Personal information
- Born: 24 June 1961 (age 65) Lviv, Ukraine

Sport
- Sport: Pistol shooting
- Coached by: Viktor Sikorskiy Mikhail Golubov

= Viktor Ivanenko =

Ukrainian pistol shooter and coach

Viktor Evgenievich Ivanenko (Віктор Євгенович Іваненко; born 24 June 1961) is a retired Ukrainian pistol shooter and coach.

== Biography ==
Ivanenko was born in Lviv, Ukraine. His father, Evgeny Zavgorodnyuk, was a soldier and did not live with the family. In 1974, Ivanenko was admitted into the Higher Lviv Sports Boarding School, where he trained in the pistol shooting department under Viktor Sikorsky. In 1975 he moved to the group of Mikhail Golubov.
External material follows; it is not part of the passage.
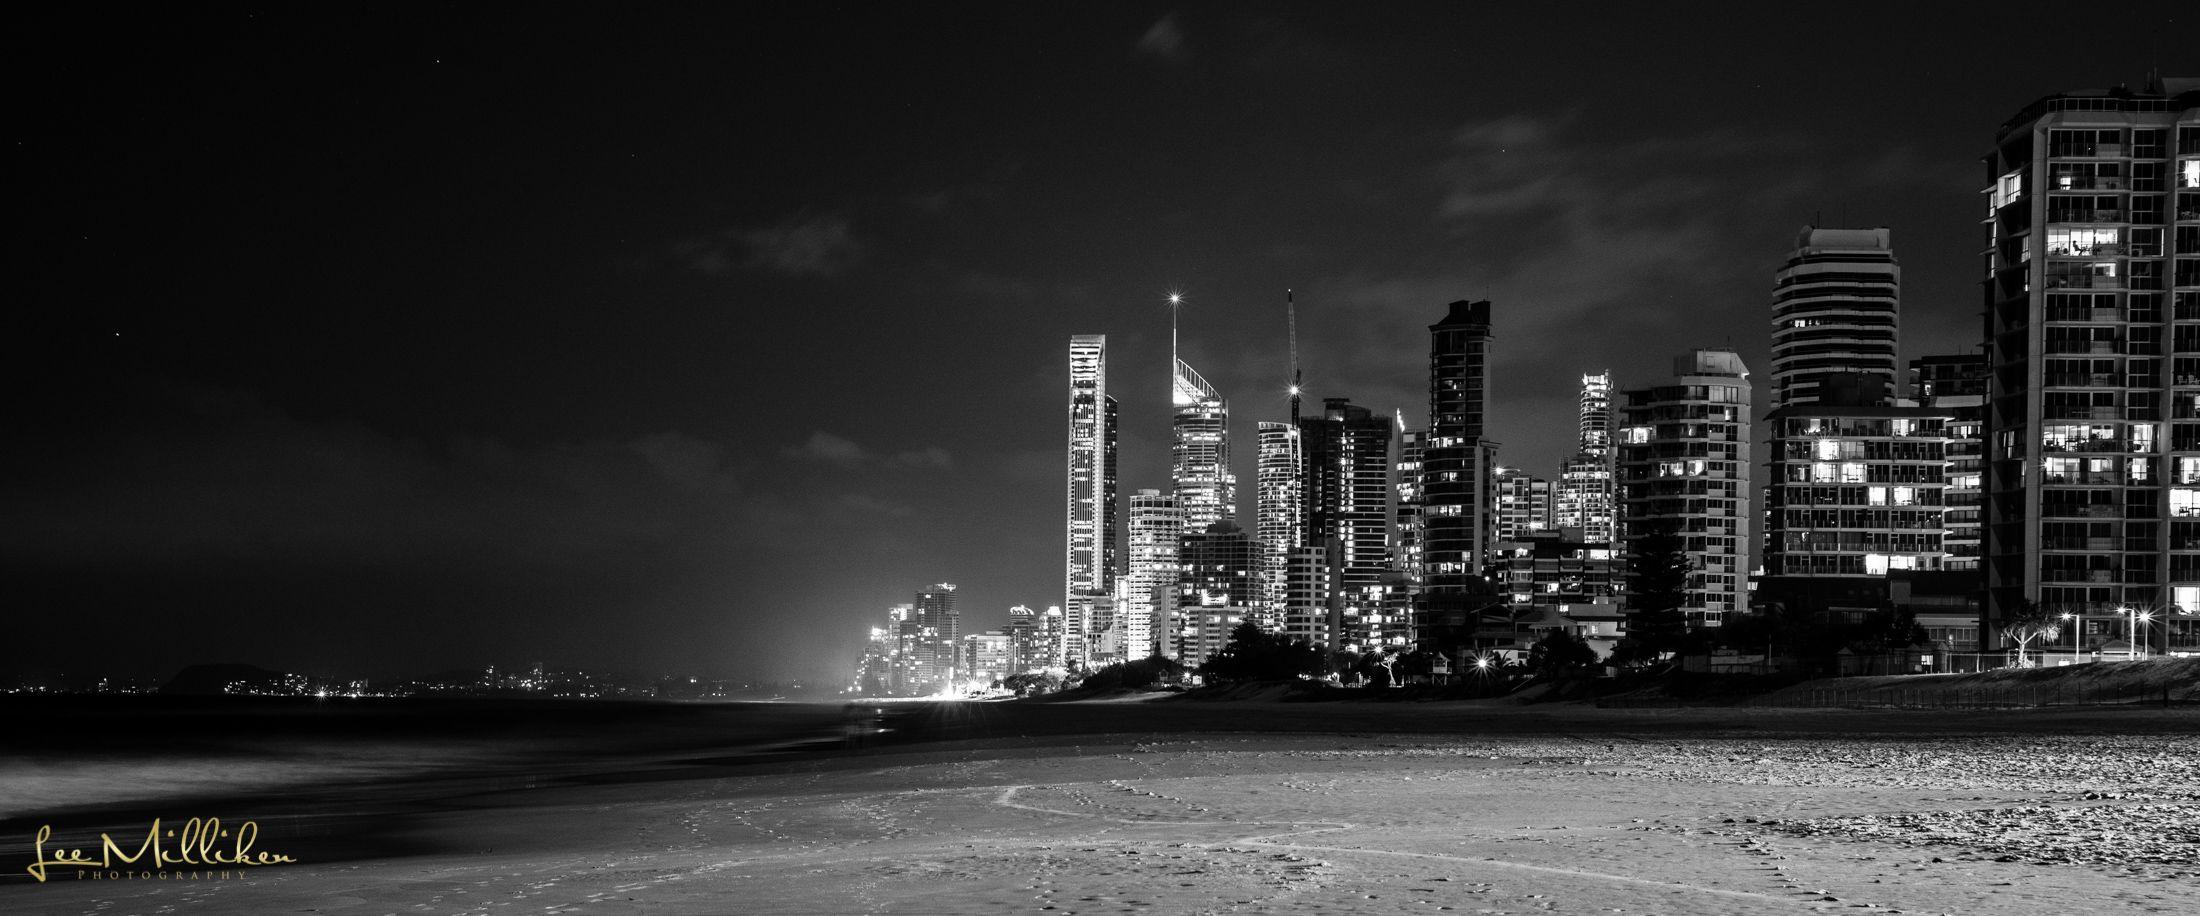 #surfers #surfersparadise #city #night #nightshot #beach #paradise #b&w #q1 #australia #photo #nikon #nikonshooter #landscape #landscapephotogrpahy #leemillikenphotography

In 1978, he entered the Higher Lviv Military-Political School. In 1981, he won the European junior title in the 25 m rapid fire pistol event, with a score of 598 out of 600. Next year, he won one gold, two silver, and two bronze medals at the World Cup in Benito Juarez, Mexico; he also won one gold, three silver and three bronze medals at the 1983 World Cup. In 1995, he won a bronze medal title at the Military World Games in Rome, Italy.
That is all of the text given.